La Faculté d’odontologie expérimente la formation pratique de ses étudiants sur simulateurs virtuels. Un dispositif innovant quasi unique en France.

En septembre 2018, la réalité virtuelle faisait son en­trée à la Faculté d’odontologie. Cinq simulateurs hap­tiques[1] – parmi les tout premiers en France – étaient inaugurés dans le cadre de la restauration de deux salles de travaux pratiques. Un premier pas historique vers la dématérialisation de la formation des étudiants en médecine bucco-dentaire. « Le travail sur simulateur permet aux étudiants d’affiner l’apprentissage des gestes techniques. Il permet, en outre, d’acquérir les mêmes compétences que le travail sur dent en résine mais de façon plus écologique et plus économique », expliquait récemment Jean Valcarcel, doyen de la faculté.

Formation personnalisable

Chargés de former à l’usage de ces nouvelles machines, Ivan Panayotov et Bruno Picart proposent aujourd’hui aux étudiants qui le souhaitent de s’entraîner, de s’évaluer et de progresser en toute sérénité sur ces simulateurs. Durant des séances libres d’une heure, chaque étudiant se voit alors attribuer une machine sur laquelle il peut effectuer une série d’exercices de dextérité manuelle.
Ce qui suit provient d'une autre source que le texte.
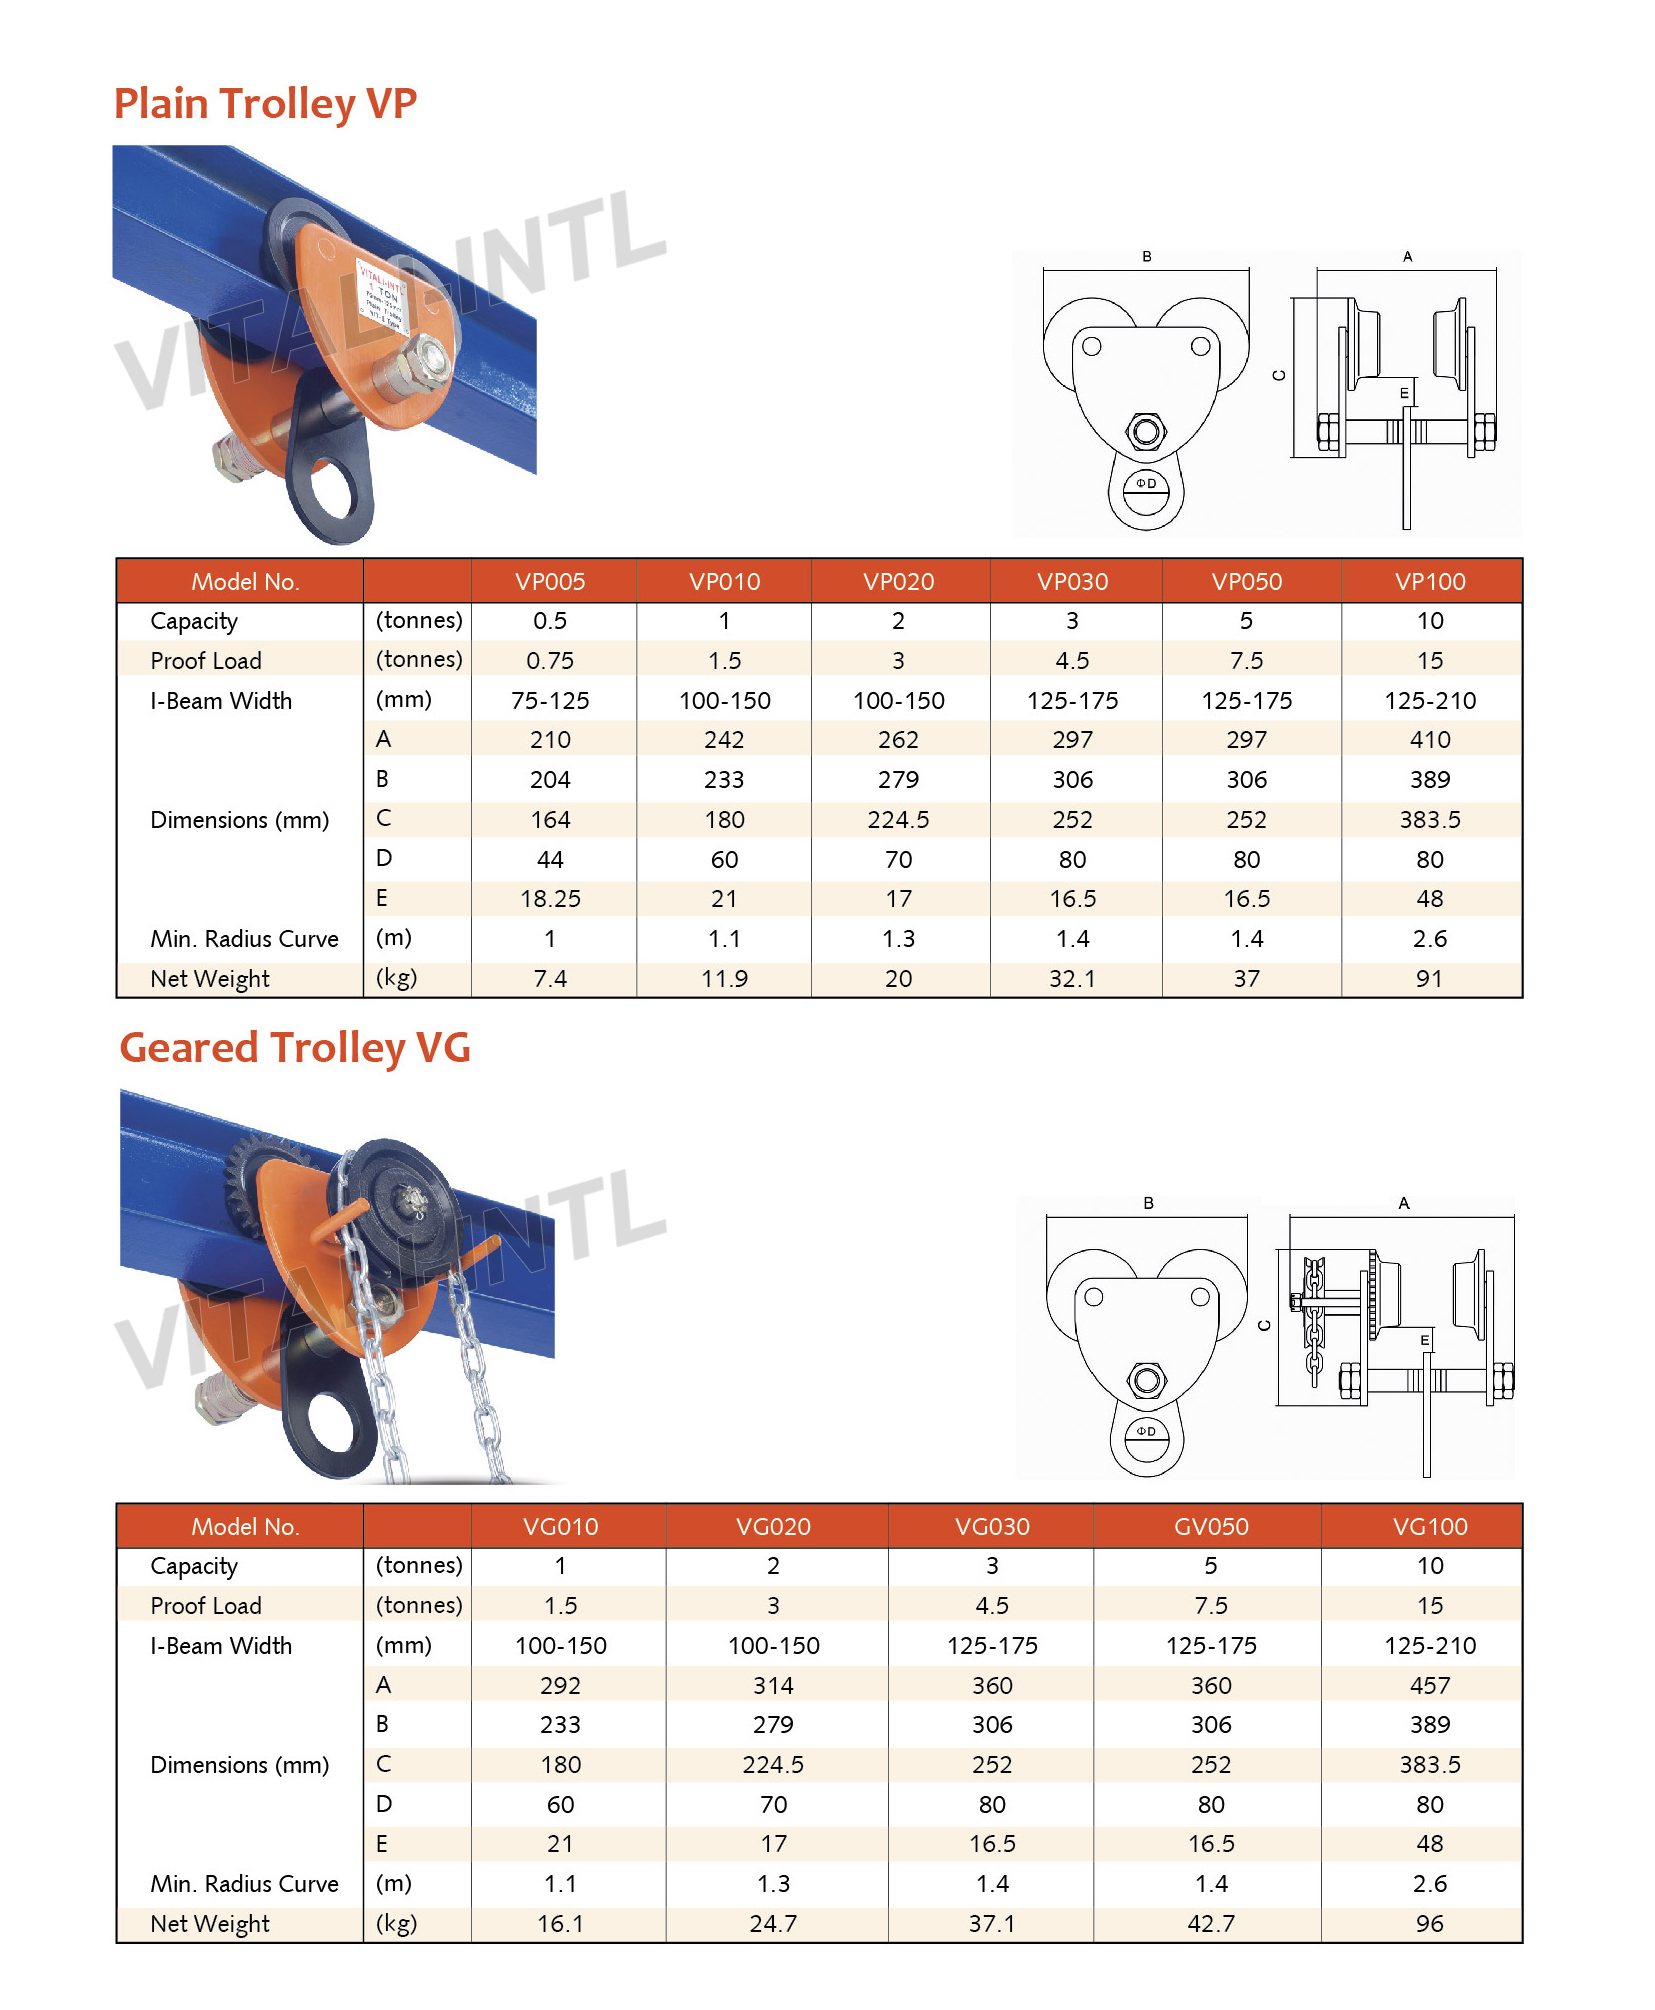 VITALI-INTL Plain Trolley VP-II Type & Geared Trolley VG-III Type Specifications

« L’étudiant choisit le type d’exercice et les instruments dont il a besoin. Il procède ensuite à l’excavation des tissus carieux, phase durant laquelle le simulateur de réalité virtuelle lui permet de visualiser sur un écran l’ensemble de ses gestes et – surtout – de ressentir physiquement la différence dans la résistance des tissus dentaires (carie, émail, dentine) au forage ! Les exercices sur simulateur permettent ainsi aux étudiants de travailler dans des conditions proches des conditions réelles de travail sur les patients et d’améliorer leur dextérité manuelle en vision directe et surtout en vision indirecte (avec miroir) », précise Ivan Panayotov avec ses collègues Bruno Picart, Sofia Dubois et Marie Ceccotti, qui observent et évaluent en direct, durant chaque séance, le travail effectué simultanément par les étudiants en poste sur les machines (précision, rapidité des gestes, qualité des traitements thérapeutiques réalisés). L’attribution d’une note en fin de séance permettant d’observer, d’une semaine sur l’autre, la marge de progression de chacun.

« Les conditions de travail sur simulateur haptique sont finalement assez proches de la réalité mais pas identiques. Ni la salive ni les mouvements respiratoires des patients ne sont par exemple reproduits par les machines. De même, la vision sur écran 3D n’est pas en partie obstruée par les joues ou la langue comme c’est pourtant le cas dans la réalité », témoigne une ancienne utilisatrice qui voit dans ces nouvelles machines, au même titre que toutes celles et ceux s’y étant essayés, un complément de formation formidable, particulièrement pour les étudiants en formation préclinique (phase d’apprentissage et de perfectionnement aux manipulations en odontologie).

Objet d’une enquête interne de satisfaction au printemps dernier, les nouveaux simulateurs de réalité virtuelle acquis par la faculté suscitent aujourd’hui un large consensus tant du côté des étudiants que des équipes pédagogiques. Très récemment, leur utilisation intégrait naturellement le cursus d’évaluation des étudiants en 2e et 3e année. À la Faculté d’odontologie, la formation dématérialisée des étudiants est donc définitivement engagée.

[1]Qui concerne le sens du toucher

Chiffres clés

  • 67 enseignants-chercheurs ;
  • 141 étudiants en licence ;
  • 145 étudiants en master ;
  • 125 étudiants en 3e cycle court de 2 ans ;
  • 241 étudiants en 3e cycle long de 3 ou 4 ans.

Le numérique au service de l’odontologie clinique

Dès 2007, la CFAO[1] faisait son entrée au centre de soins dentaires, sous la responsabilité de Philipe Gibert, pour pro­poser aux patients la prise d’empreintes optiques pour la conception, la fabrica­tion sur place assistée par ordinateur et la pose de prothèses dentaires en céramique en un seul et unique rendez-vous. L’intégra­tion du numérique aux protocoles de soins dentaires s’étendait progressivement avec en point d’orgue, en 2015, la création de la première unité d’application den­taire de CFAO en France. « Jean Valcarcel, doyen de la faculté, et Sylvie Montal, chef de service, ont pour ambition de généra­liser l’utilisation des moyens numériques à l’ensemble des départements du centre de soins et, bien sûr, d’enseigner en amont, au niveau de la faculté, la maîtrise théorique de ces nouvelles techniques, incontestablement les plus rapides, les plus précises et les plus performantes connues aujourd’hui. », explique Michel Fages, responsable de l’unité d’activité médicale « Prothèse CFAO » au CHU.